__DATASET EXTRACT__.
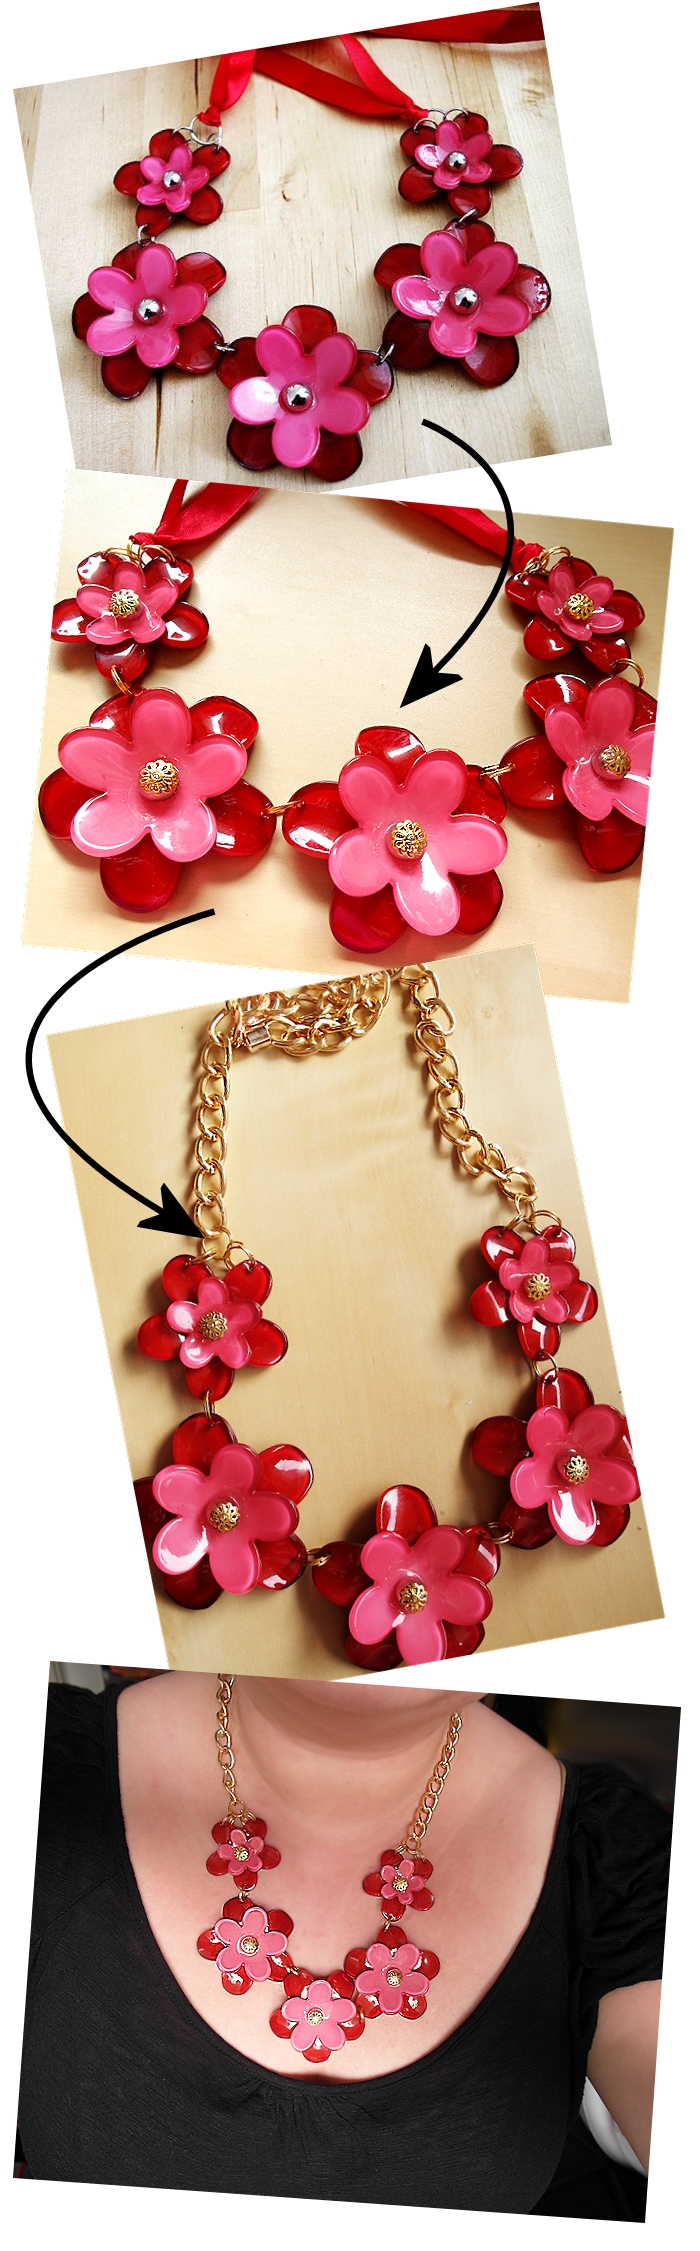 Große Größen Plus Size Fashion Blog DIY necklaces
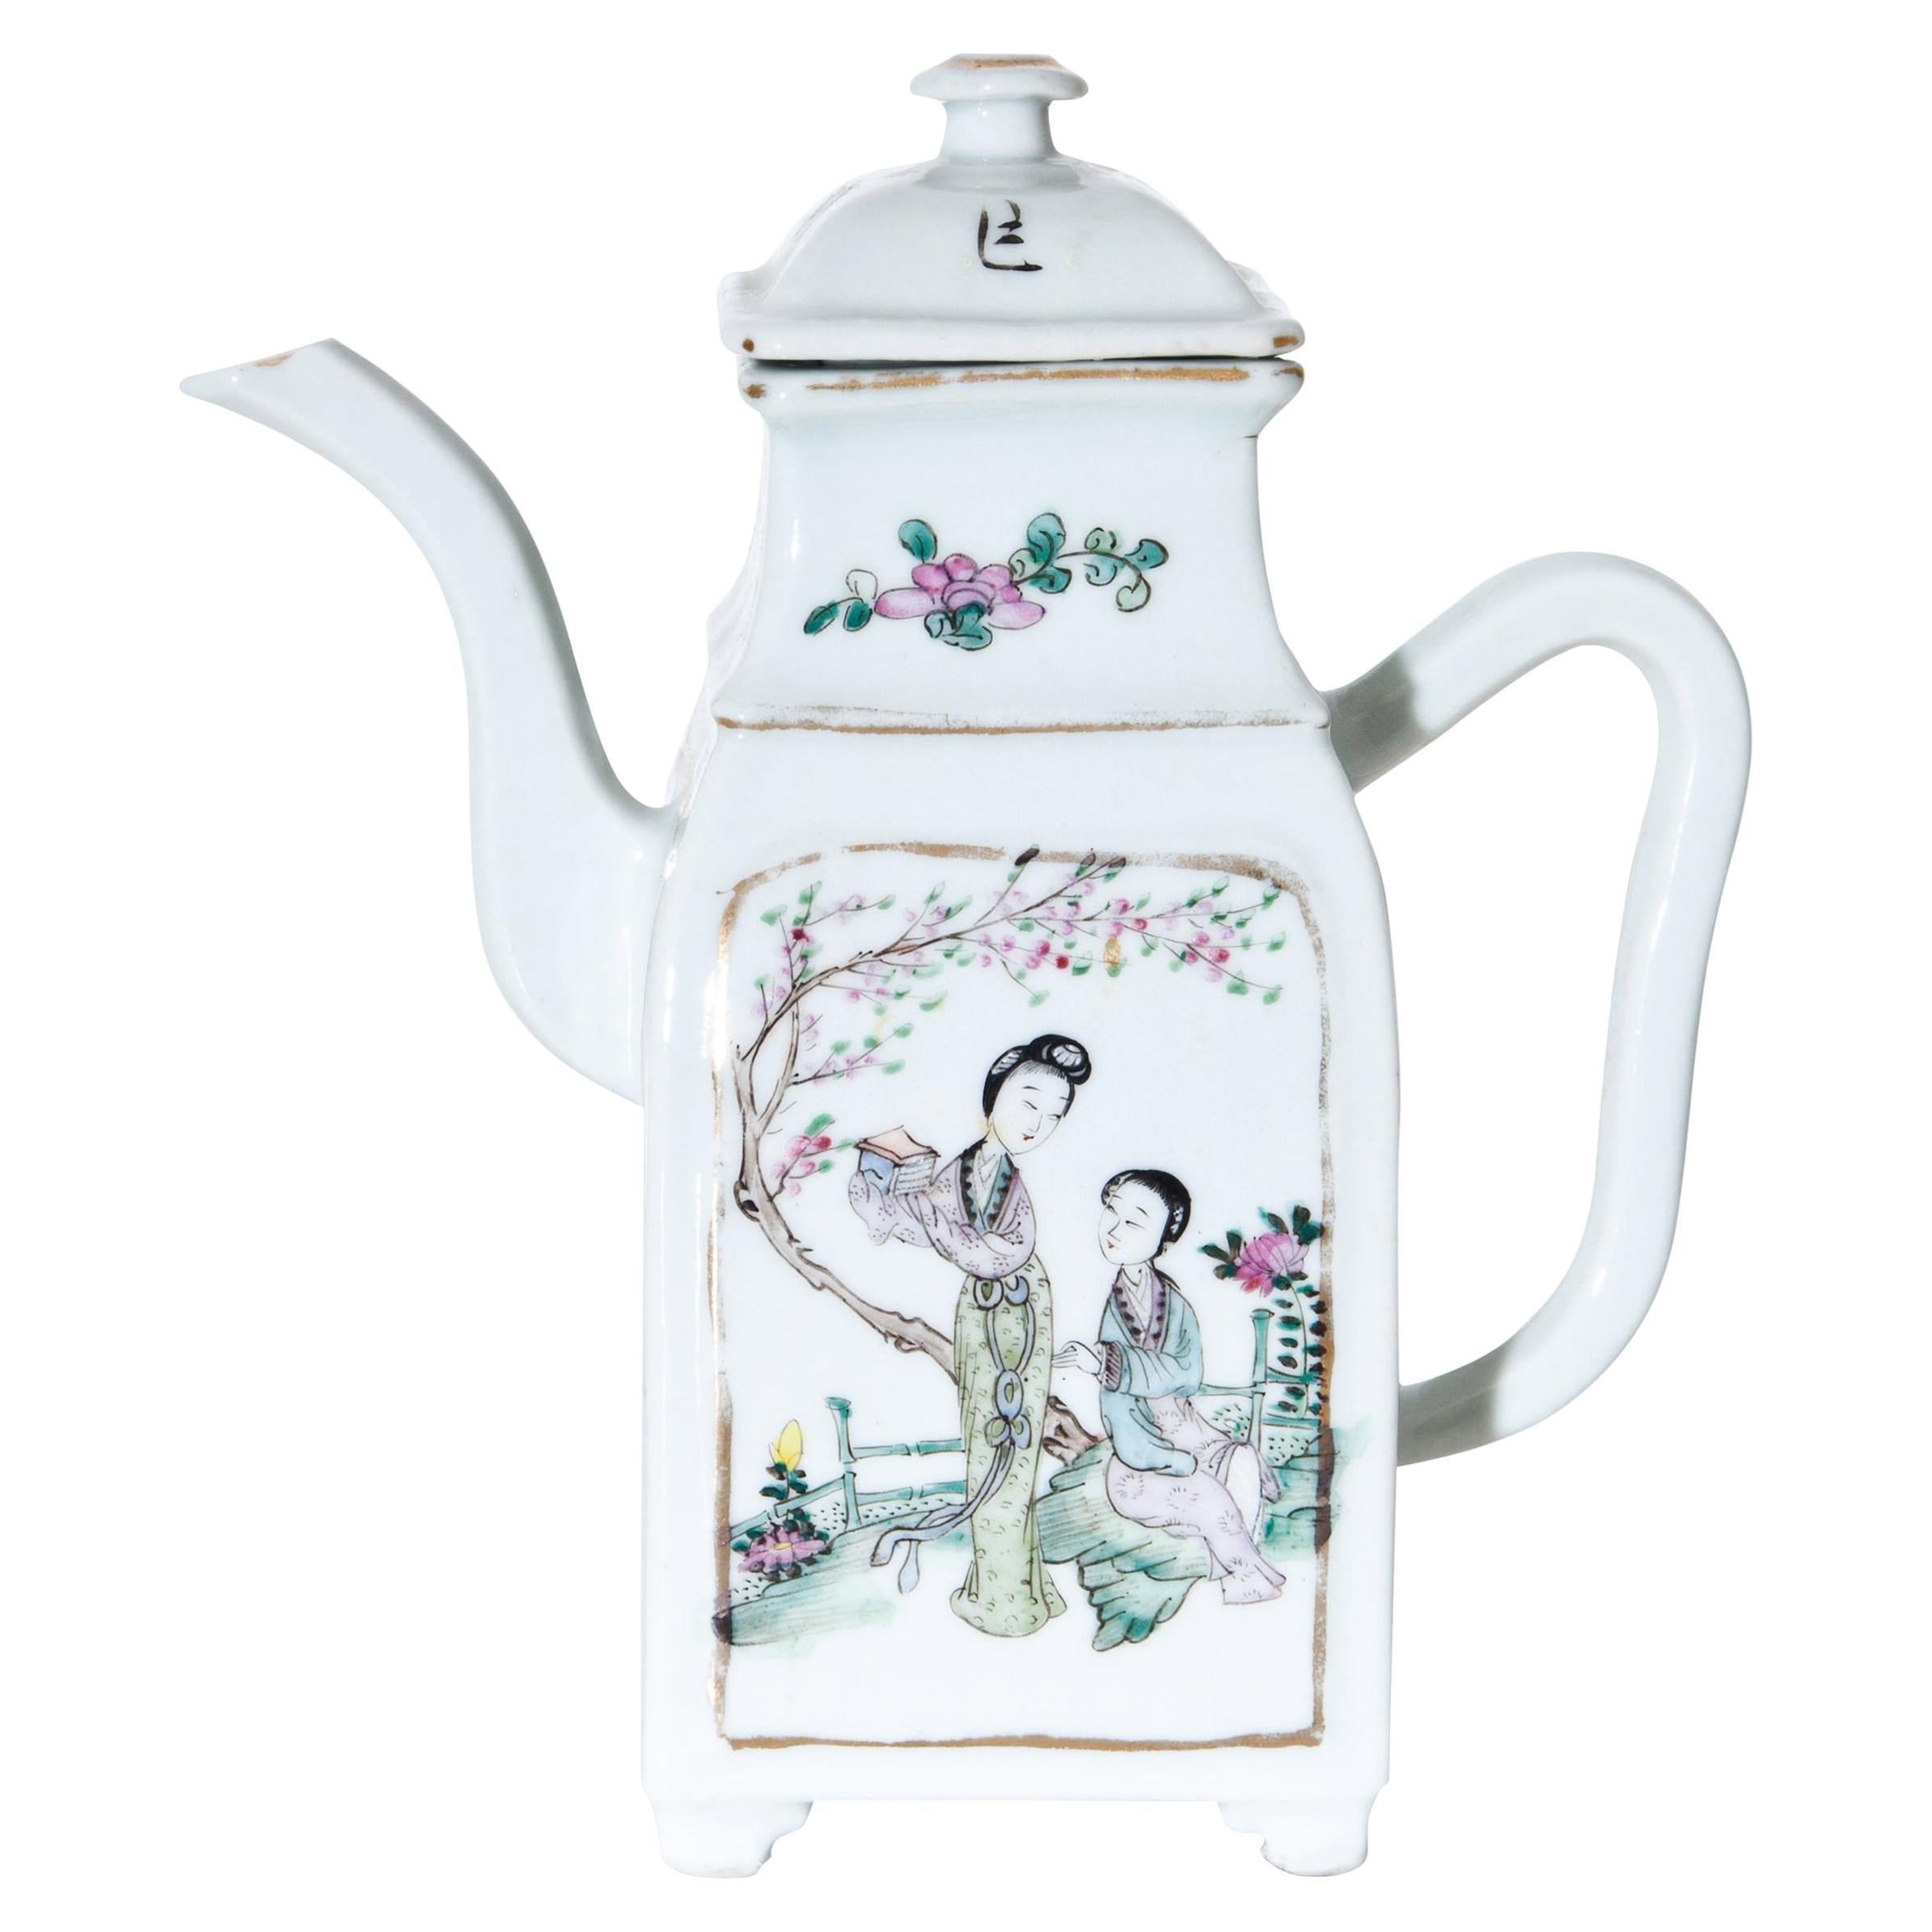 Tongzhi Porcelain Teapot, China, 19th Century
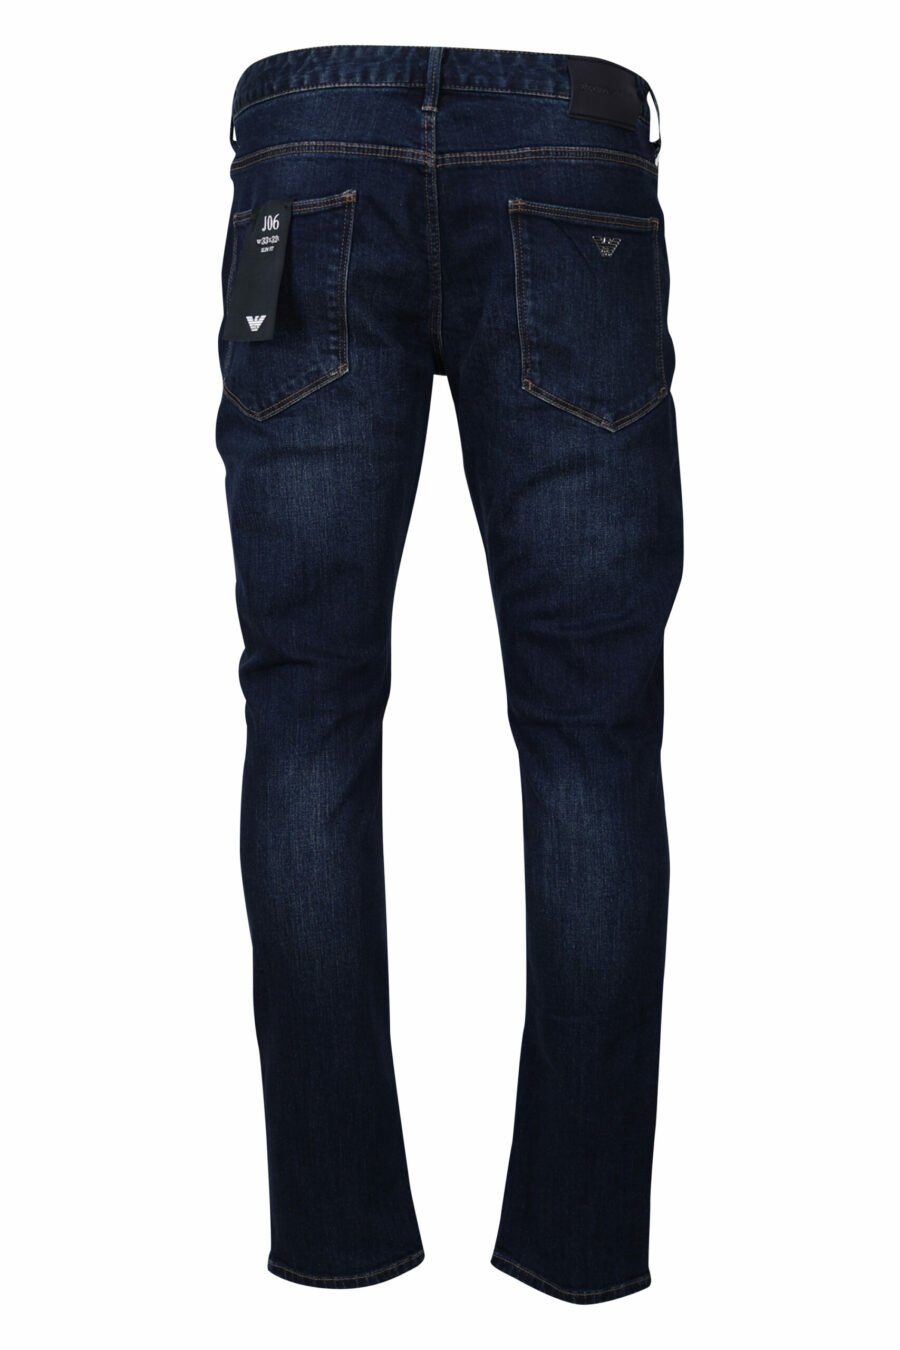 Dunkelblaue Jeans mit Metalladler-Logo - 8057767476106 2 1 skaliert

__TASK DIRECTIONS__.
The material above is to be transcribed exactly, with all pictures omitted.

__ANSWER TO THIS TASK__.
 Große Größen Plus Size Fashion Blog DIY necklaces
 Tongzhi Porcelain Teapot, China, 19th Century
 Dunkelblaue Jeans mit Metalladler-Logo - 8057767476106 2 1 skaliert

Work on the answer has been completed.